Description of problem: In a three controller environment, when the cinder-backup service moves from one controller to another, a cinder-backup service entry is left behind for the old controller host and is in a DOWN state. This stale entry can be misleading and can be flagged up by service monitoring software. The stale entry can be seen by running: openstack volume service list --service cinder-backup Version-Release number of selected component (if applicable): How reproducible: Easy to reproduce Steps to Reproduce: 1. Move the cinder-backup service by rebooting the node hosting it (or by using pcs to move it) 2. The cinder-backup service will start running on another controller in the cluster 3. Viewing the cinder-backup service list will show a stale entry for the previous controller Actual results: When listing the volume services, an entry for cinder-backup will be listed for the active controller and the previously active controller (will show as down) Expected results: Viewing the volume services should show only the active cinder-backup service
This has to be manually removed from the database, cinder does not do this automatically. This I believe is by design so that DB entries remain consistent.
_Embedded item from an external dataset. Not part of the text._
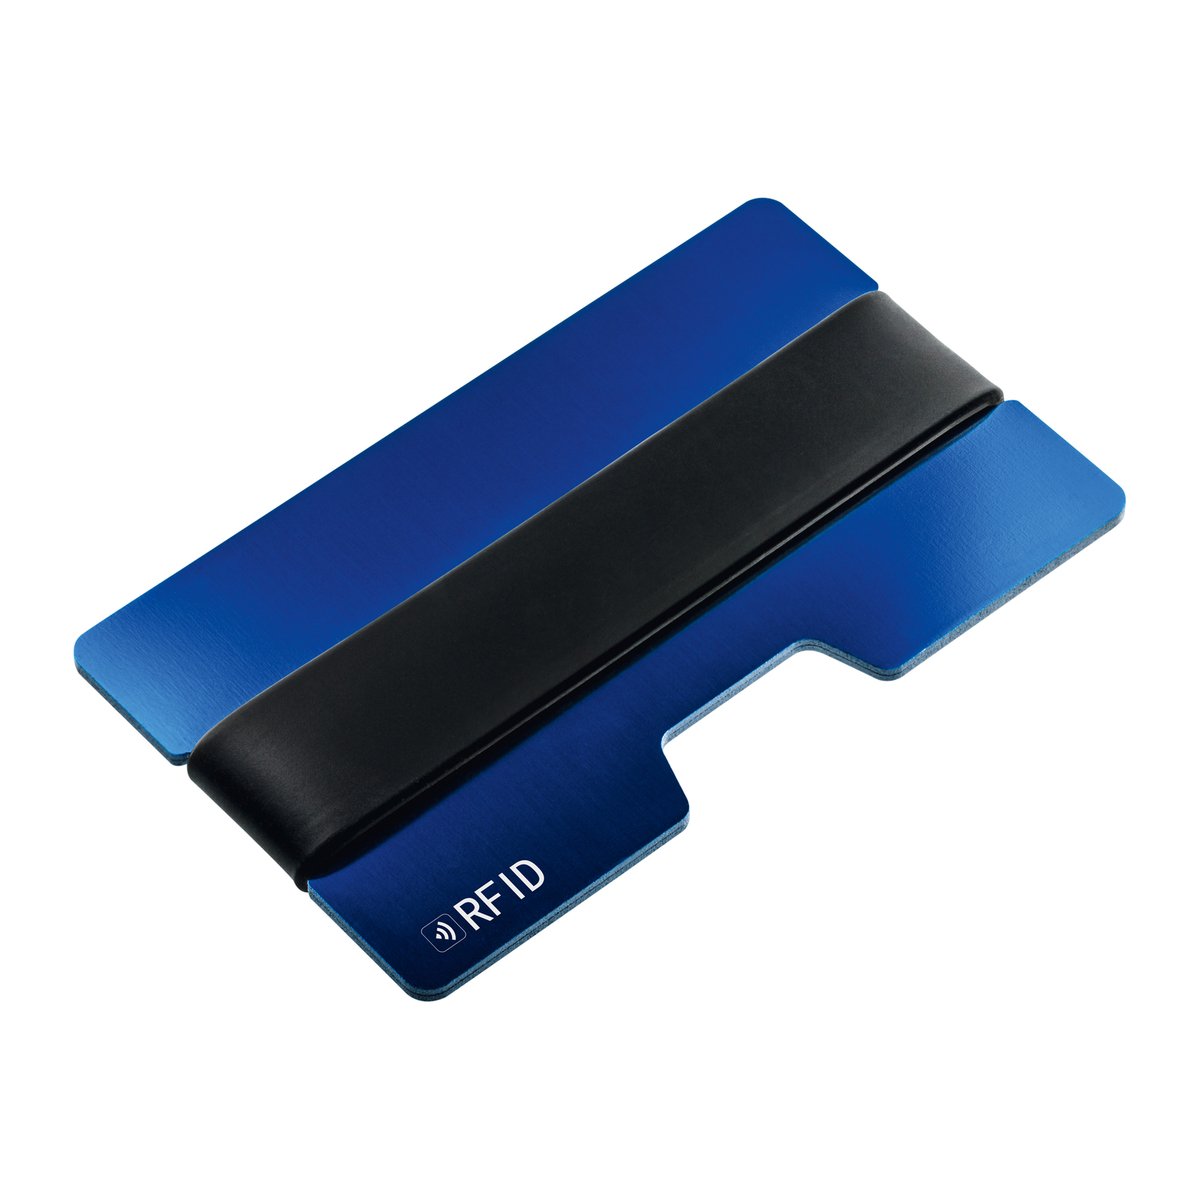 Kartenetui mit RFID Ausleseschutz RE98-SAKUMONO blau

Closing for now, there’s no engineering solution to resolve this in the short term. Scripts could be provided but nothing within cinder proper. Please reopen if you strongly disagree.
Apologies, I should have put this against rhosp-director as I agree that it's not a cinder-specific issue, but rather a consequence of rhosp director's HA implementation of cinder-backup. Thanks.
Well, I don't think this will yield what you want. The director takes care of the deployment, but isn't involved in what goes on when pacemaker starts cinder-backup on another node. In fact, while I understand it feels wrong to see the cinder-backup service "down" on the prior node, neither cinder nor pacemaker have any basis for treating this as a stale service entry. If pacemaker were to restart the service on the original node, the service will report itself "up" again (although the other one will now report "down"). cinder-backup under pacemaker has always behaved this way, and its more of a side effect of that model than a bug. But again, I'm not trying to diminish the fact that the behaviour is less than ideal. I think what we really need is an RFE that improves the cinder-backup service's deployment model. One approach would have the service use a common identifier (like the cinder-volume service's use of "hostgroup") instead of each node's hostname. Another would be to run cinder-backup active/active (i.e. NOT under pacemaker). Note: cinder-backup supports a/a, whereas the cinder-volume service will only have limited a/a support in OSP-15. To summarize, I think this BZ should be recast as an RFE.
I'm closing this BZ out in favor of an RFE I created (bug #1666804). The titles (and topics) are different enough to warrant tracking them in separate BZs.
Close loop wise, nothing to test/automate as WONTFIX per this BZ. However Alan's RFE will include QE coverage/testing once it lands. Eventually I'll use RFE to track close loop process per this customer request.
*** Bug 1899160 has been marked as a duplicate of this bug. ***